▶ [Recorded information]:
BEGIN

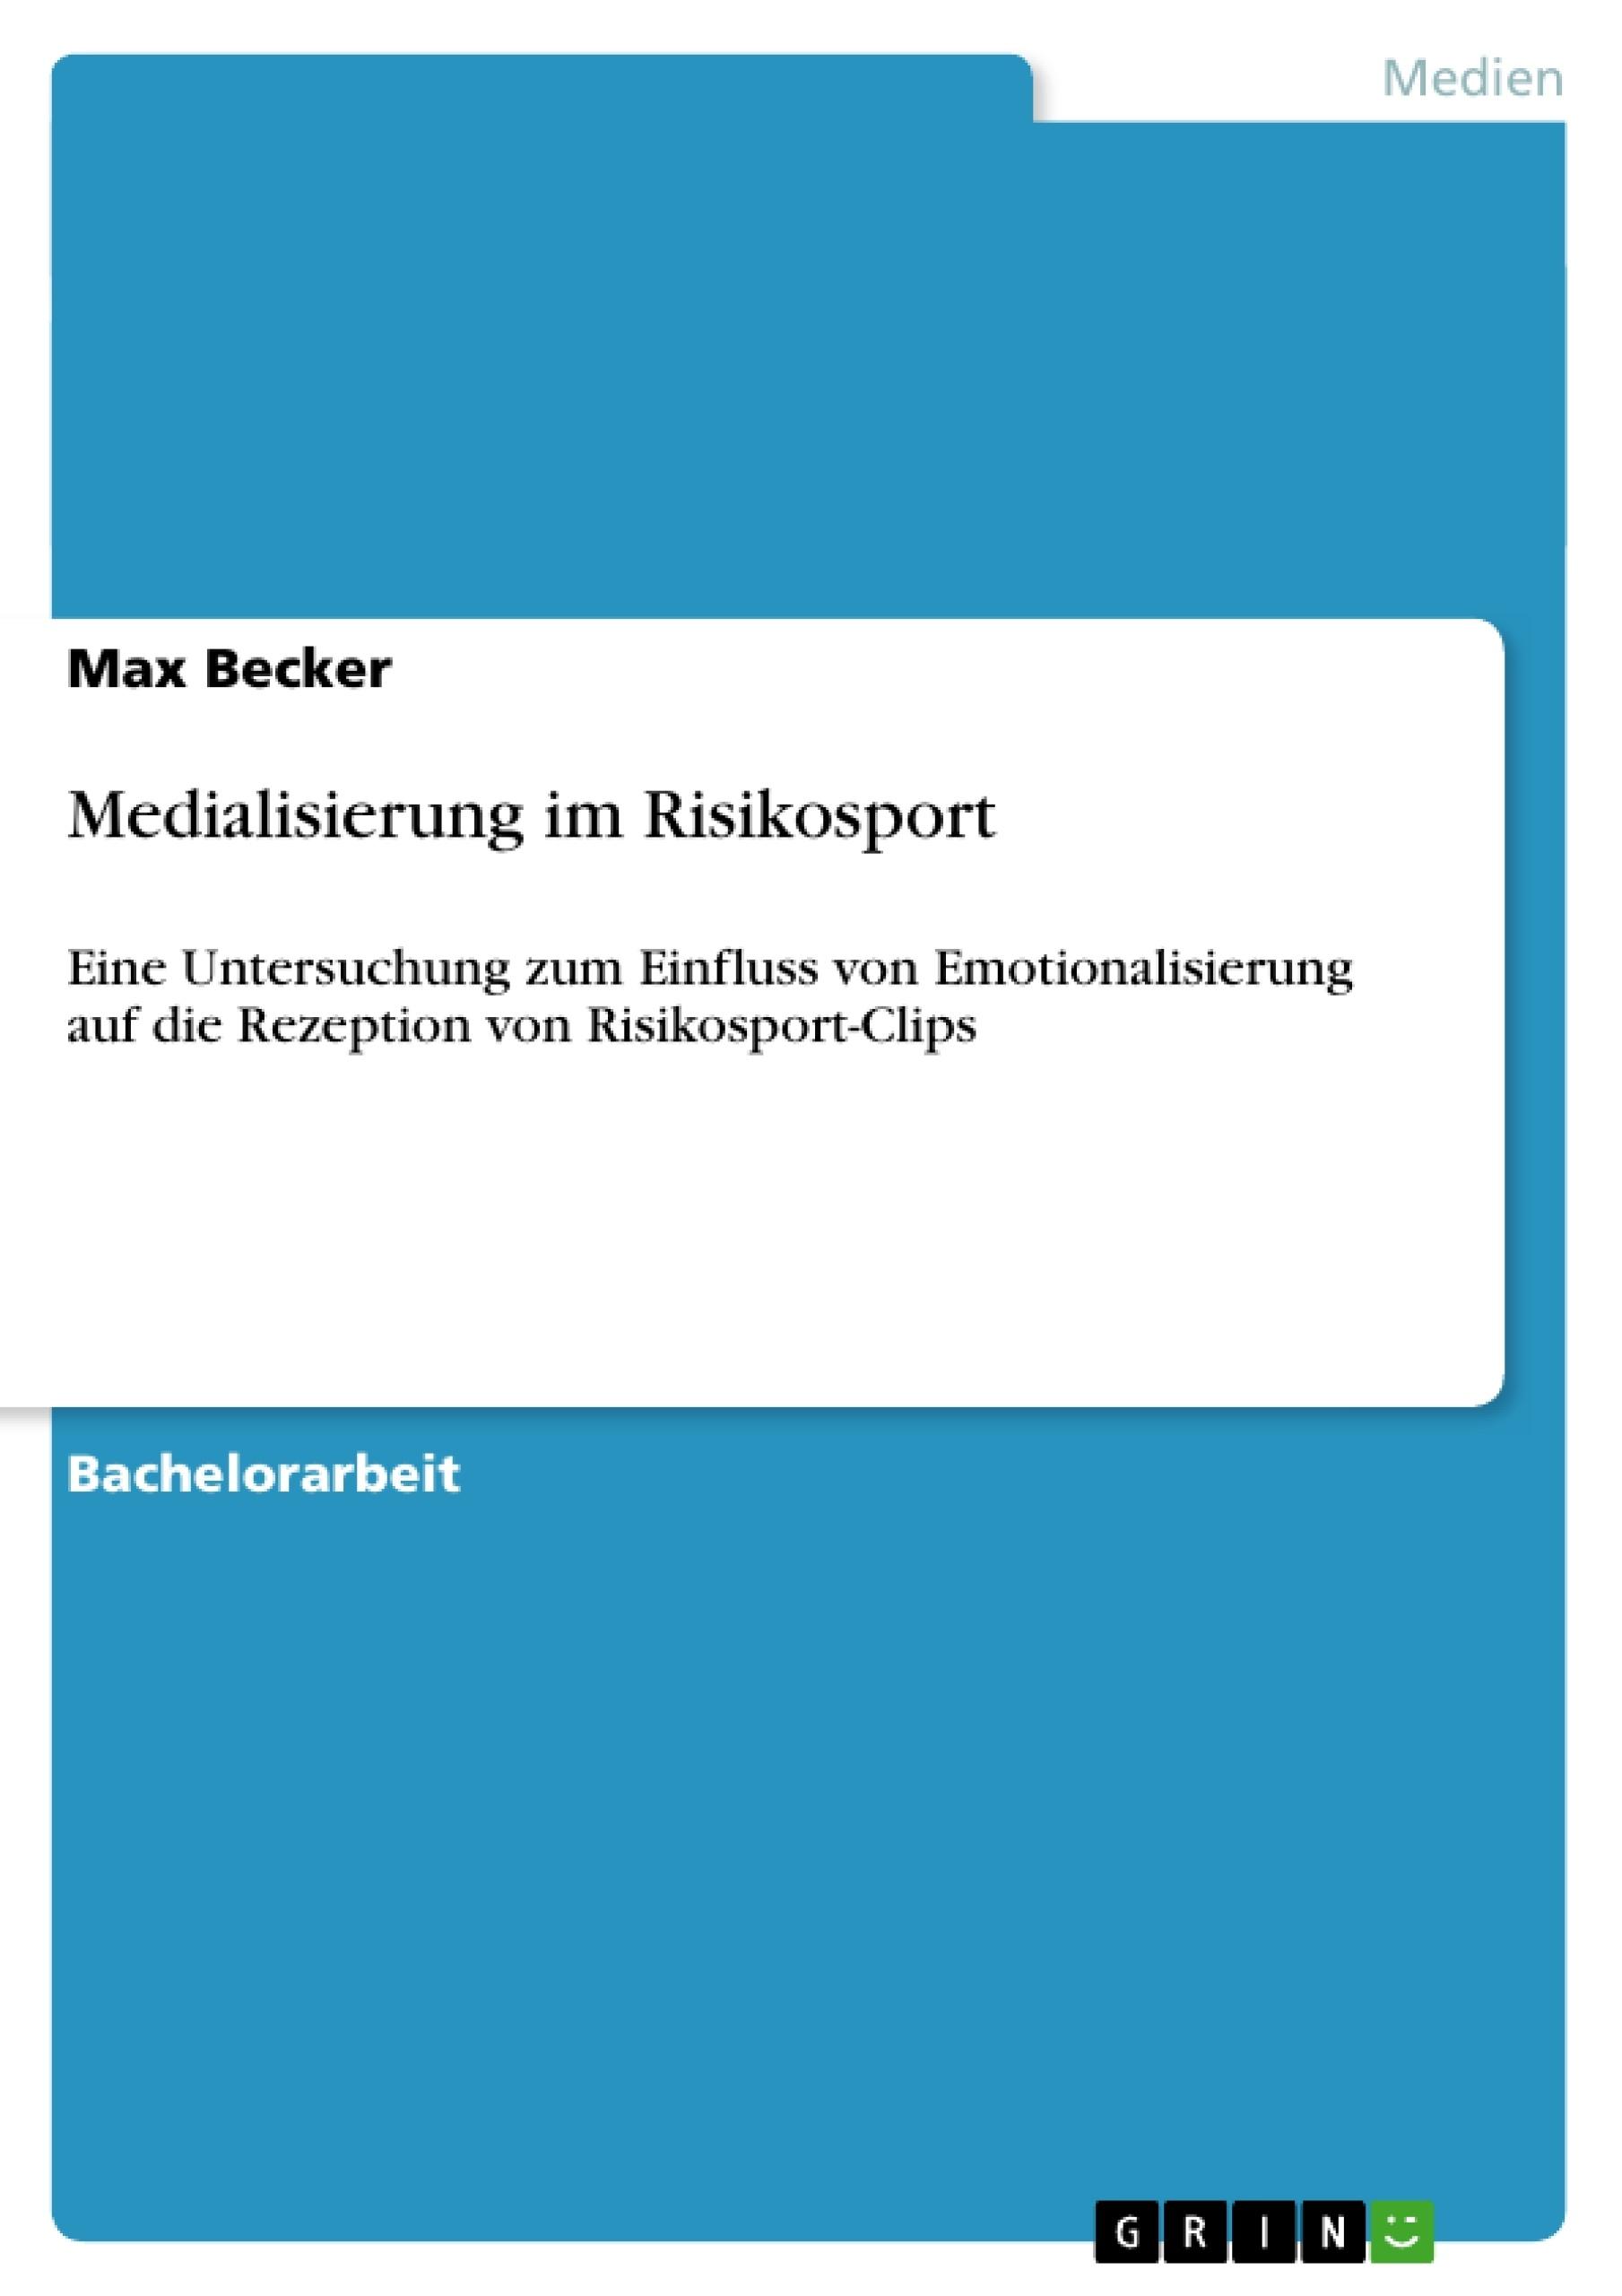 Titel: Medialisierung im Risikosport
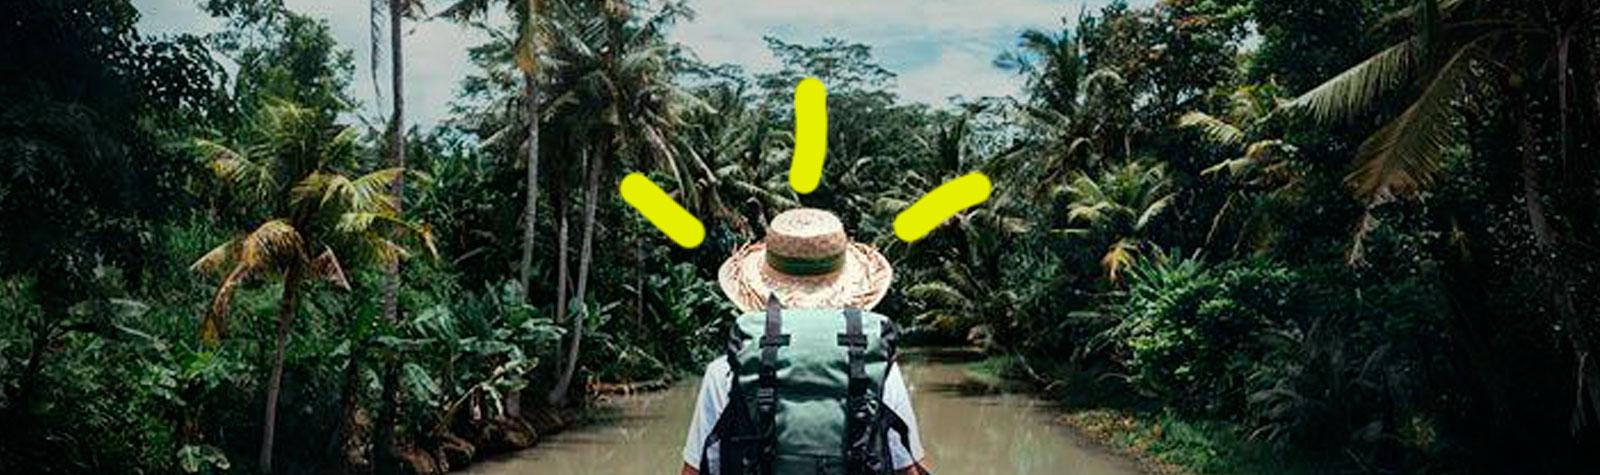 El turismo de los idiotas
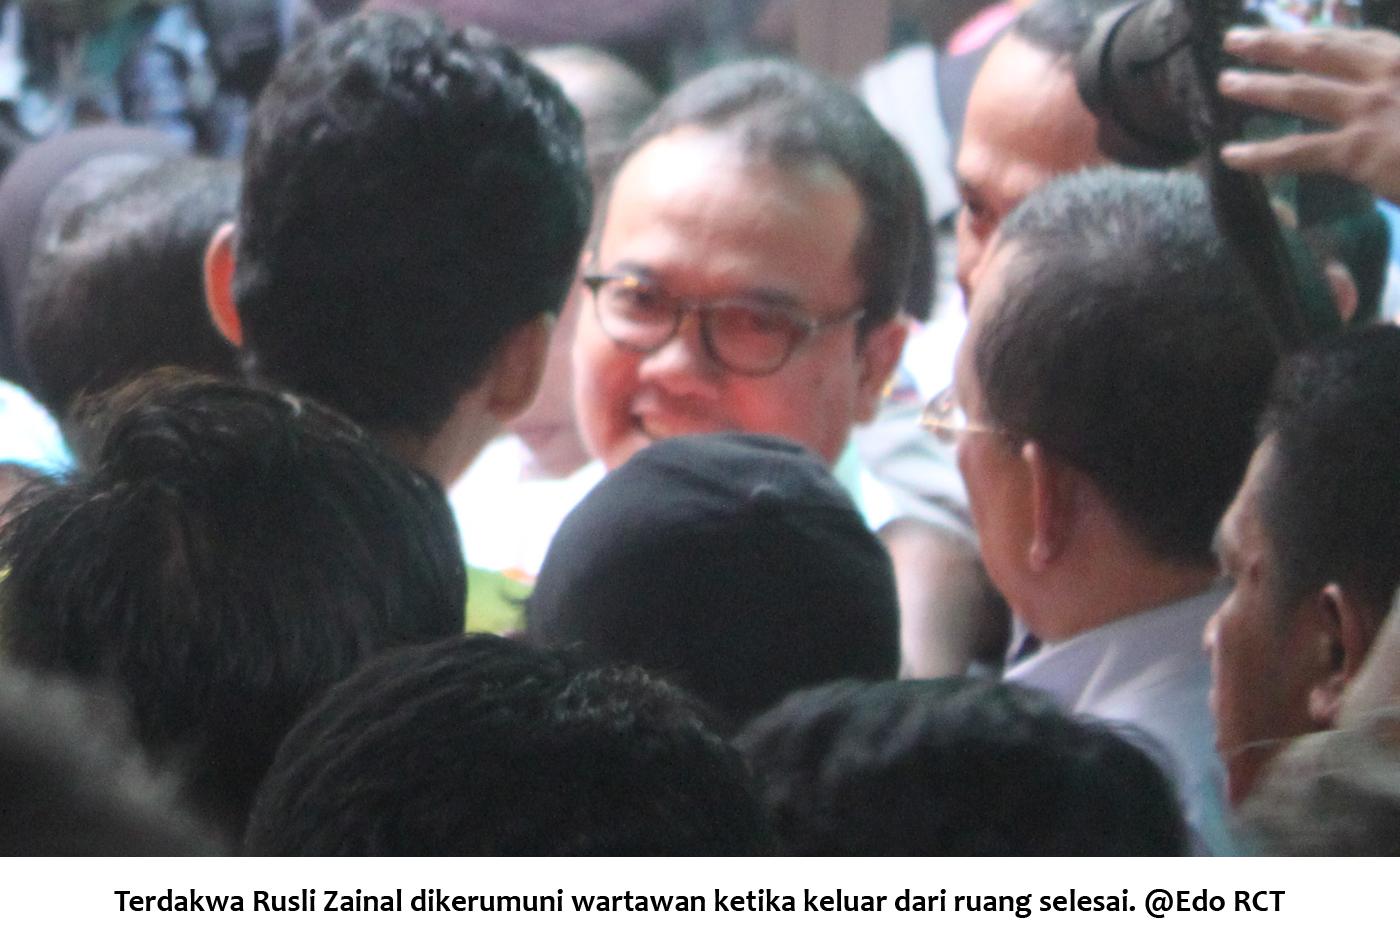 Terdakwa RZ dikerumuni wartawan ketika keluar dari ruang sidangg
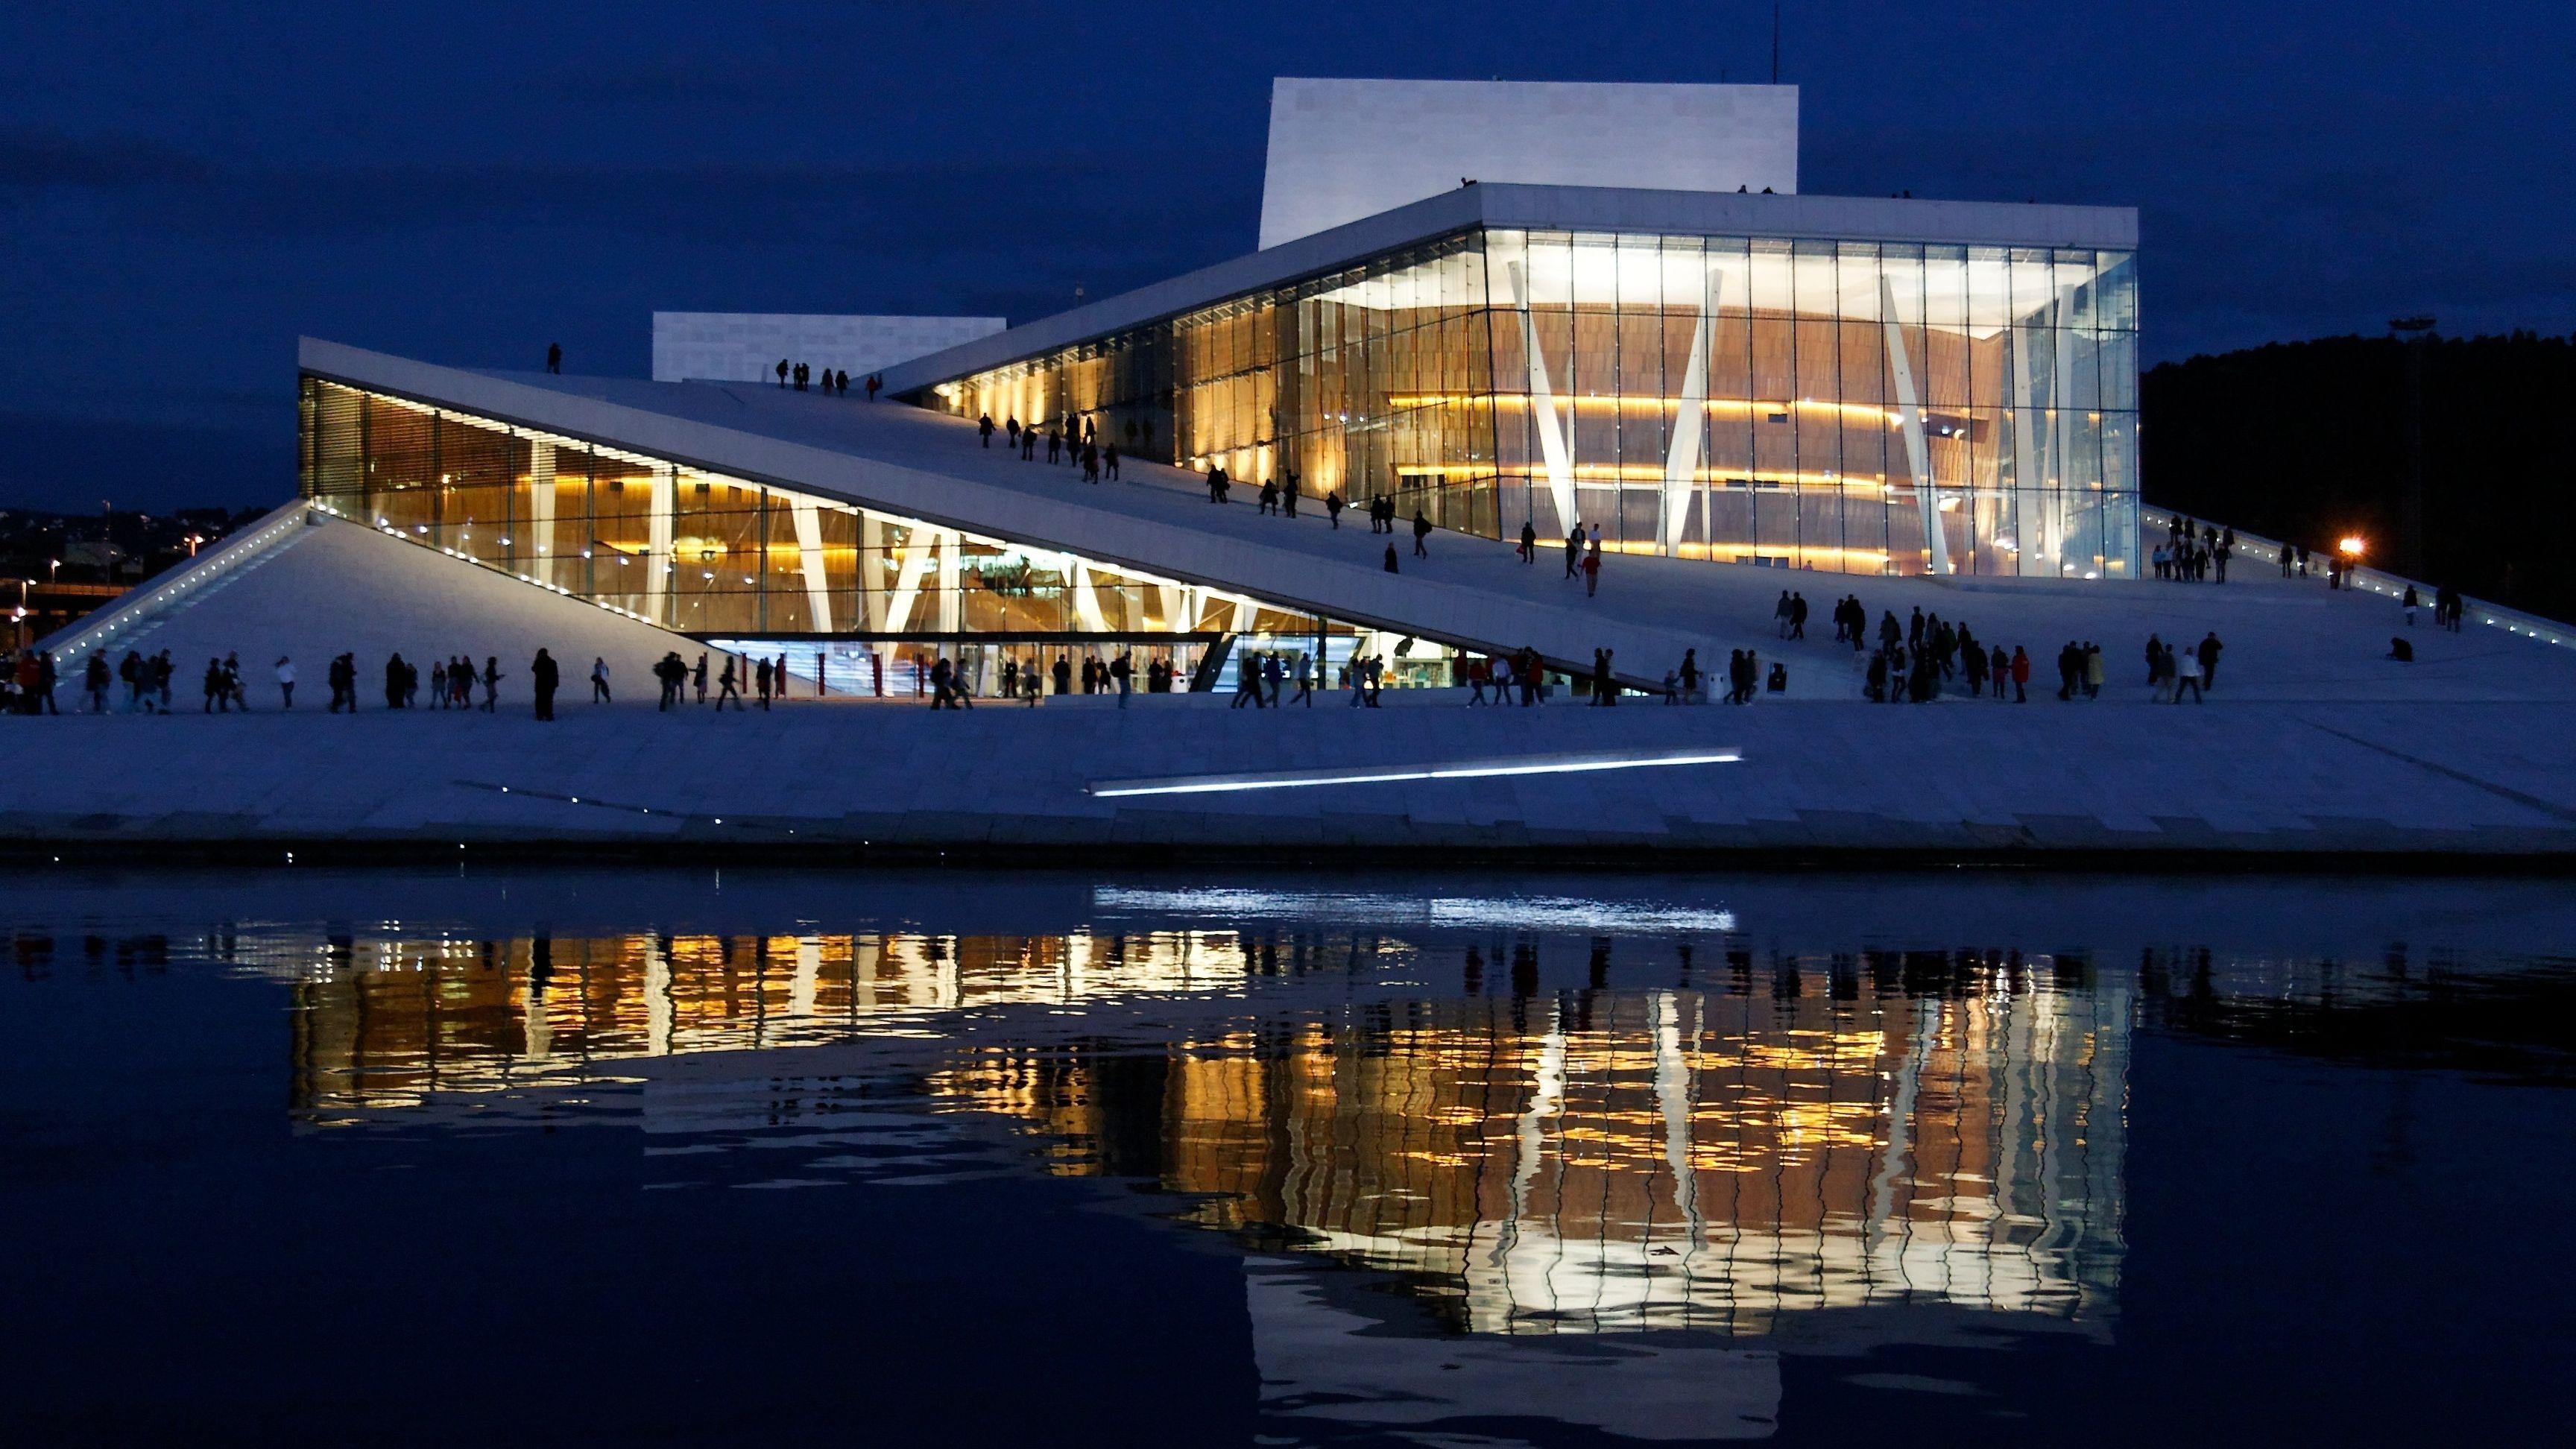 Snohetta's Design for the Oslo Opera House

END

▶ [Task objective]:
Please retype the data exactly. The pictures do not go in.

▶ [Answer space]:
 Titel: Medialisierung im Risikosport
 El turismo de los idiotas
 Terdakwa RZ dikerumuni wartawan ketika keluar dari ruang sidangg
 Snohetta's Design for the Oslo Opera House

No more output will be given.